Saraswati asked why can’t we have a situation where we can farm without subsidies; to which, an Anatapur dt. farmer recounted his experiences as to how at every step he faced obstacles, completely out of his control; he said that is why we need subsidies; without which farming can not be done.

Ravindra: For so many decades, it seems that the land-owning class is not ready to loosen their control of agriculture. Even now, absentee landlords are not ready to let go. If it is finally happening that because of increasing labour costs and so on, farming is viable only for those who actually work on the land, and not for those who depend on getting others to do the work, then we can welcome it. But I don’t know whether they will move away so easily. So far, all the government subsidies and programs are also geared towards keeping the land under their control, not passing it on to the real cultivators.
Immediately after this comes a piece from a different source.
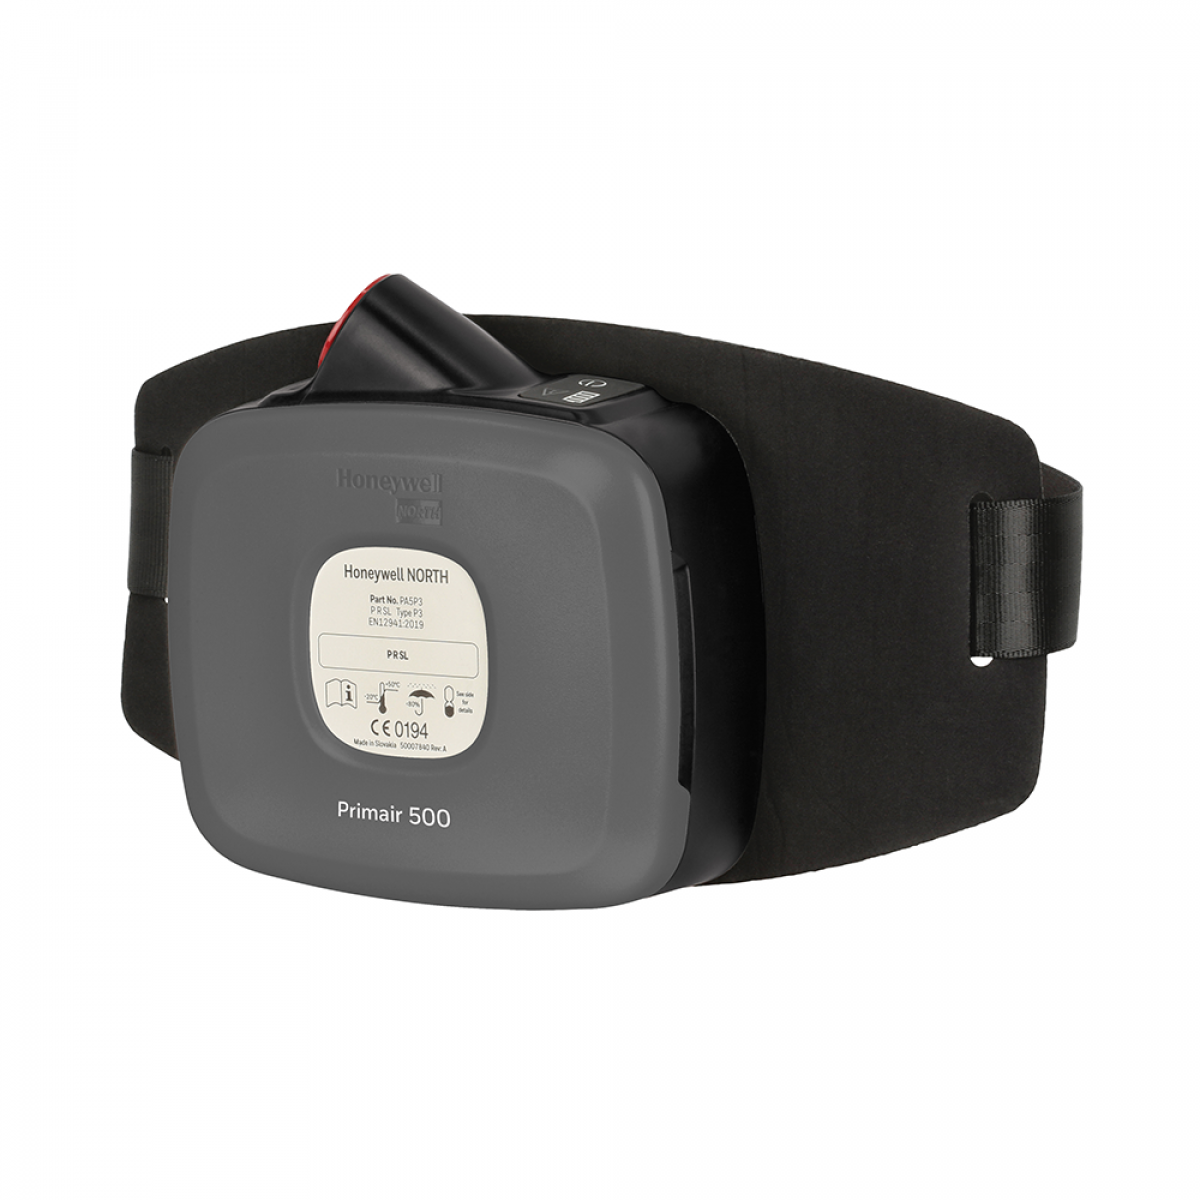 Honeywell PA500 reusable respirator with comfortband

When we talk about retaining farmers in agriculture, we need to think about who should be retained.

Kiran: It is difficult to summarize such a discussion. While the topic of discussion itself was framed as a question, the discussion raised even more questions which are very pertinent. It was not expected that the discussion will result in very concrete answers, but the very process of brainstorming itself has been very useful. Some challenging questions were put forth, for example, Ajay Kumar asked how can we create a stake for agricultural workers in the future of agriculture. I hope we will continue the discussion on the issues raised.
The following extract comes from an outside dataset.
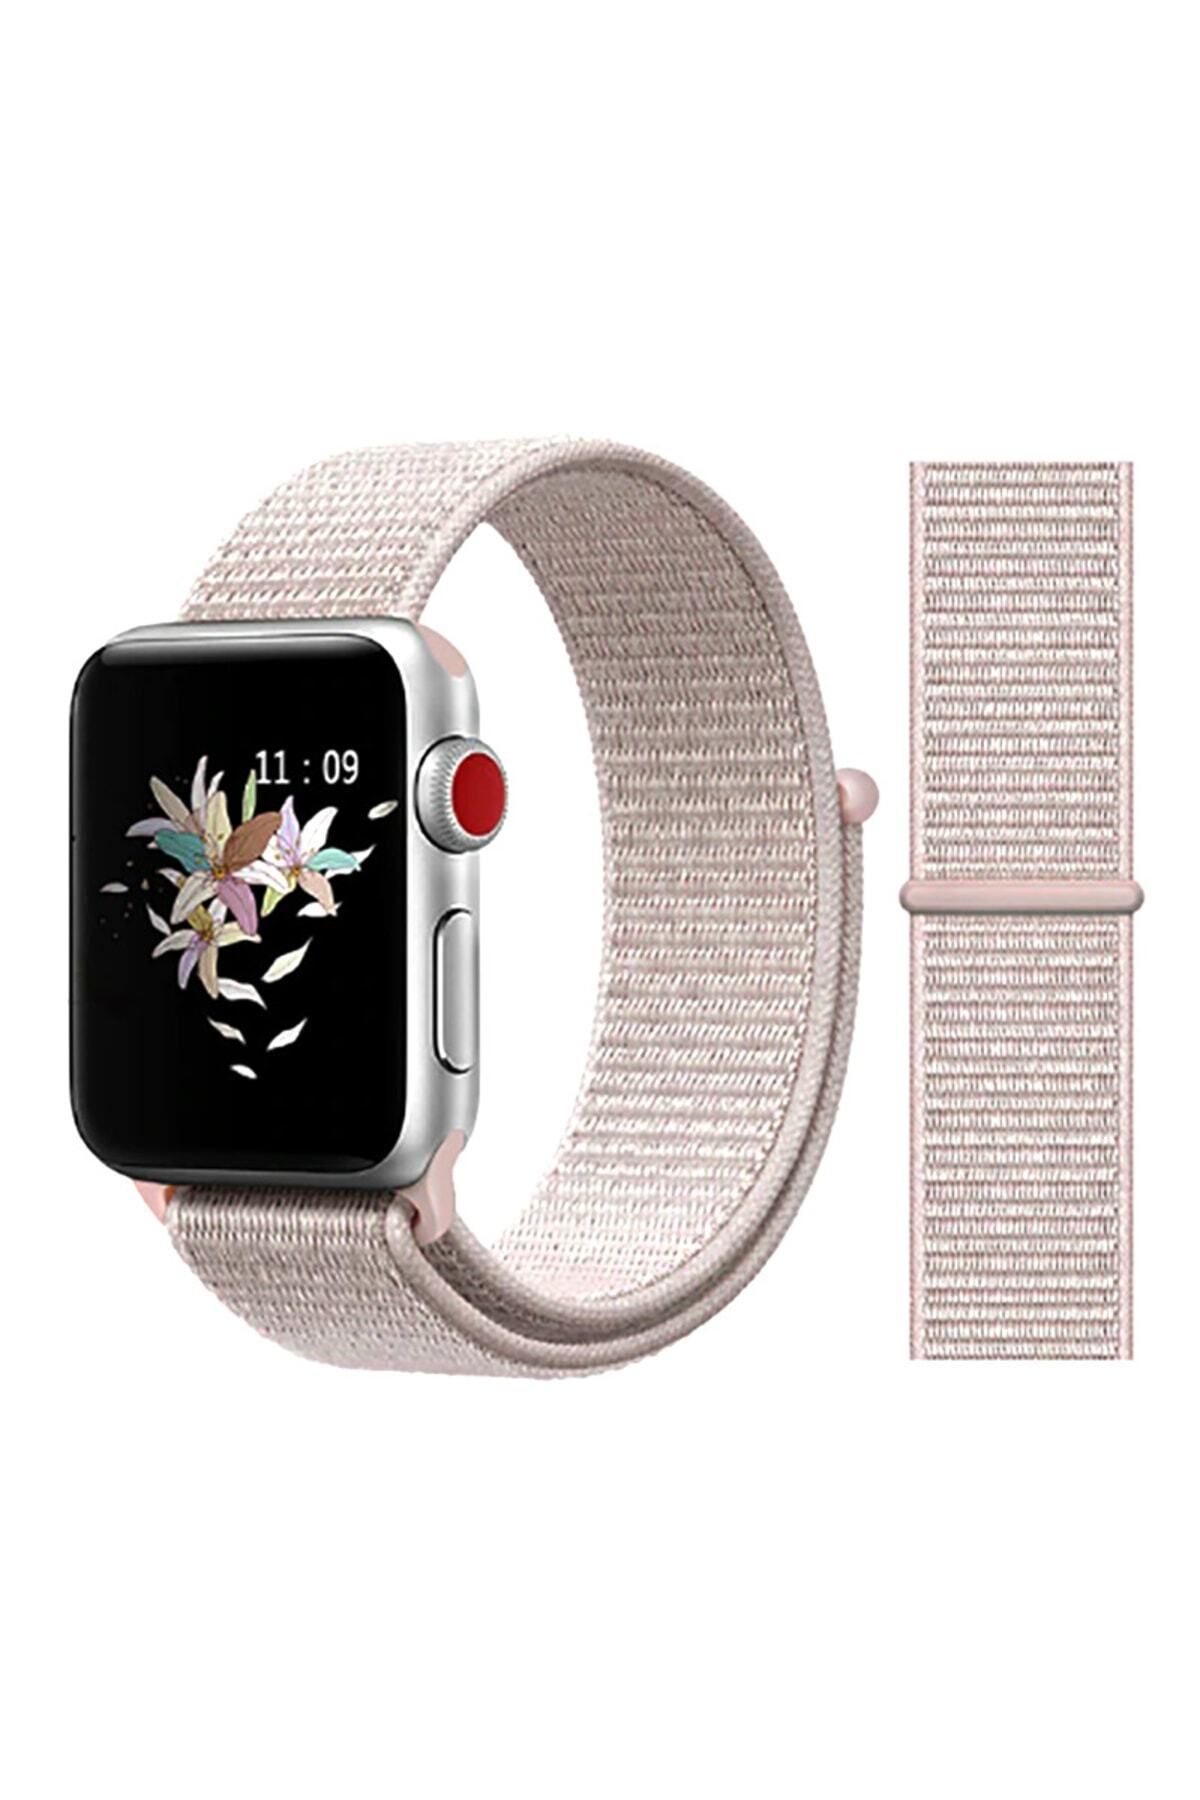 hzrteknoloji Apple Watch 42mm Için Uyumlu Krd-03 Hasır Kordon Akıllı Saat Bileklik Kayışı Kordonu

A couple of comments: In some of the discussions on the crop holiday, NREGS is being pointed as a major cause for the farmers’ distress; this needs to be definitely opposed, as has been pointed out by many speakers. What has clearly emerged from this discussion is that we have to move towards a joint struggle by farmers and agricultural workers. Since many agri. workers and Dalits also have acquired some land and are facing the problems as small and marginal farmers too, our focus should be small/medium farmers, tenant farmers and agricultural workers – basically those who are actually living in the villages and directly involved in cultivation. We also need to think about better organizing among agricultural workers and farmers whether jointly or separately so that the agricultural operations can be done more efficiently in a planned manner. Otherwise the “corporate efficiency” will start taking over.

Chenniah (closing remarks): The discussion has been very good and many people expressed their thoughts. These issues are very crucial, and it is clear that we all need to engage with the problems of agriculture – especially the small, marginal and medium farmers, and agricultural workers. It is also important to prevent the corporate takeover of agriculture. I hope we continue these discussions and take up necessary action.

Jeevan Kumar (HRF) gave the vote of thanks and appreciated the active participation of everyone in the discussion on the very pertinent topic.